2014-05-22 17:55, Konstantin Ananyev:
> With latest HW and optimised RX/TX path there is a huge gap between
> tespmd iofwd and l3fwd performance results.
> So there is an attempt to optimise l3fwd LPM code path and reduce the gap:
>  - Instead of processing each input packet up to completion -
>  divide packet processing into several stages and perform
>  stage by stage for the whole burst.
>  - Unroll things by the factor of 4 whenever possible.
>  - Use SSE instincts for some operations (bswap, replace MAC addresses,
> etc). - Avoid TX packet buffering whenever possible.
>  - Move some checks from RX/TX into setup phase.
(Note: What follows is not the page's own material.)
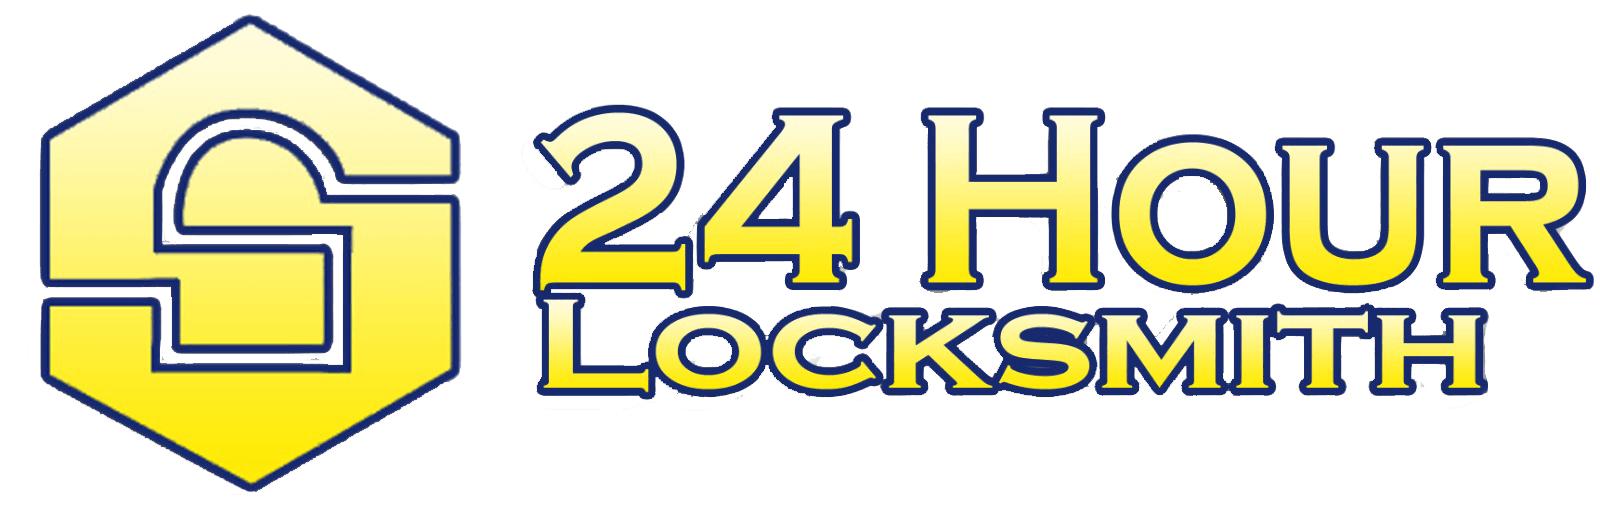 24 Hour Locksmith in Spokane, WA

As you are doing optimizations, it's important to know the performance gain.
It could help to mitigate future reworks.
So please, could you provide some benchmarking numbers in the commit log?

Thanks
-- 
Thomas

^ permalink raw reply	[flat|nested] 6+ messages in thread

* Re: [PATCH 0/2] L3FWD sample optimisation
@ 2014-05-28  9:17 Ananyev, Konstantin
       [not found] ` <2601191342CEEE43887BDE71AB9772580EFB3529-kPTMFJFq+rEu0RiL9chJVbfspsVTdybXVpNB7YpNyf8@public.gmane.org>
  0 siblings, 1 reply; 6+ messages in thread
From: Ananyev, Konstantin @ 2014-05-28  9:17 UTC (permalink / raw
  To: Thomas Monjalon; +Cc: dev-VfR2kkLFssw@public.gmane.org

Hi Thomas,

>As you are doing optimizations, it's important to know the performance gain.
>It could help to mitigate future reworks.
>So please, could you provide some benchmarking numbers in the commit log?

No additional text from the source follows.